Anthropic’s eye-poppingly powerful new model, Fable, is worth testing while you still can. Built by the company behind the Claude chatbot, Fable is the publicly safe version of Mythos, the model Anthropic deemed too dangerous to release just two months ago. To make it available to the average user, Anthropic has introduced stringent guardrails designed to prevent the cutting-edge model from being used for high-risk applications.
Those who have used it describe Fable as a step change in AI capability, able to handle complicated tasks with ease. That’s one reason to adopt it—and quickly. But there’s another: In less than two weeks, it will disappear from most people’s budgets.
For now, Fable is accessible to monthly Anthropic subscribers on Pro, Max, Team, or Enterprise plans. But that’s only through June 22. After that, Anthropic is putting it solely behind API access, where users have to pay on a per-token basis. And if there’s one thing big businesses and everyday users are quickly realizing as their bank accounts are hit by ever-bigger AI bills, it’s that tokens aren’t free.
Anthropic says the limited subscriber access is due to capacity constraints. “As enough capacity comes online, we aim to make it a standard part of those [subscription] limits again,” wrote Anthropic’s head of growth, Amol Avasare, on X. “We’re sprinting as hard as we can at this,” he added. But Avasare said the company couldn’t make any promises on timing.
Increasingly, though, what looks like a temporary capacity hiccup feels more like an indication of AI’s future direction. Since the release of ChatGPT in November 2022, consumer AI has been built on a simple premise: Pay $20 or more a month, get access to the smartest machines on earth, and use them as much as the companies allow. Most users never hit their limits, while plenty of heavy users got effectively subsidized access.
But as agentic AI replaces chatbots as the newest way to interact with AI systems, the price of inference—the cost of delivering the service—has shot up. The better these systems become, the more likely people are to ask them to do longer, messier, more valuable work, even as the cost of the hardware needed to serve the models keeps rising.

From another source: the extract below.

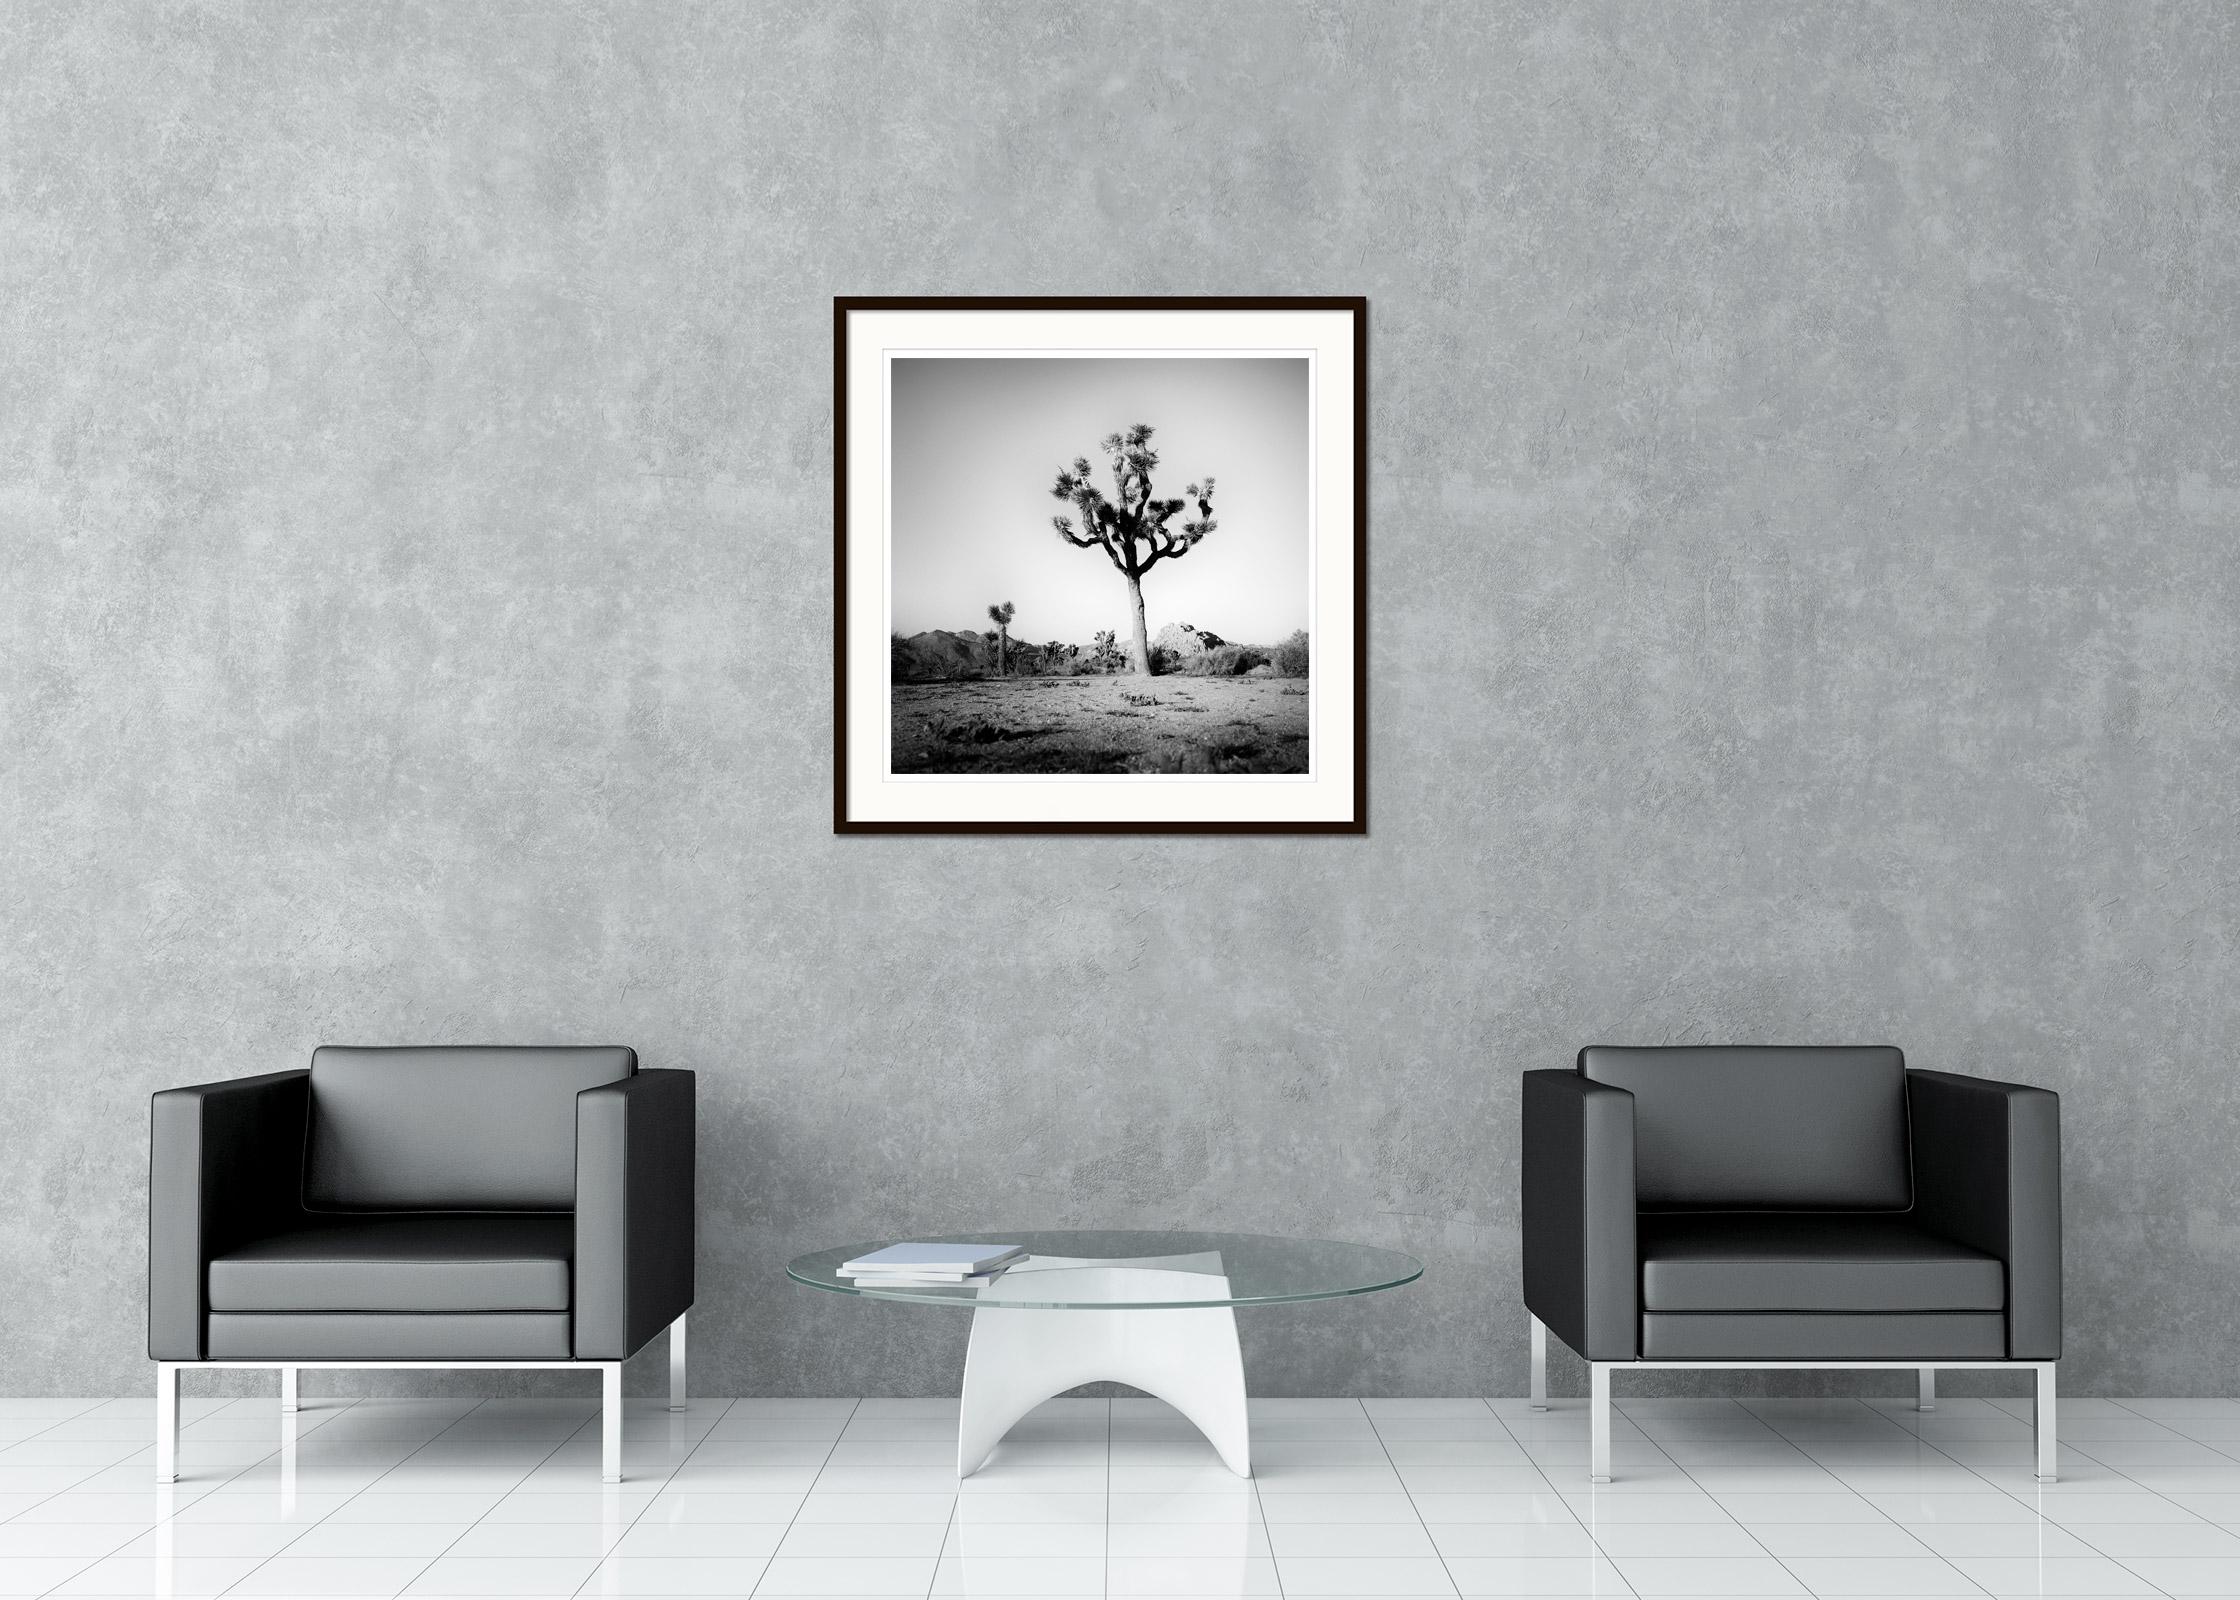 Black and White Fine Art Landscape Photography. Joshua Tree in National Park at sunset in California, USA. Archival pigment ink print, edition of 9. Signed, titled, dated and numbered by artist. Certificate of authenticity included. Printed with 4cm

That is why the industry is quietly moving from “all you can eat” to “eat what you can afford.” Last month, Google shifted Gemini toward compute-based limits; Microsoft’s GitHub recently cut back its usage limits; and at the end of May, OpenAI switched off its usage-limit multiplier after a monthslong trial.
All are examples of the endless AI subscription model being squeezed by the economic realities of delivering the technology. The “unlimited” frontier AI era was fun while it lasted.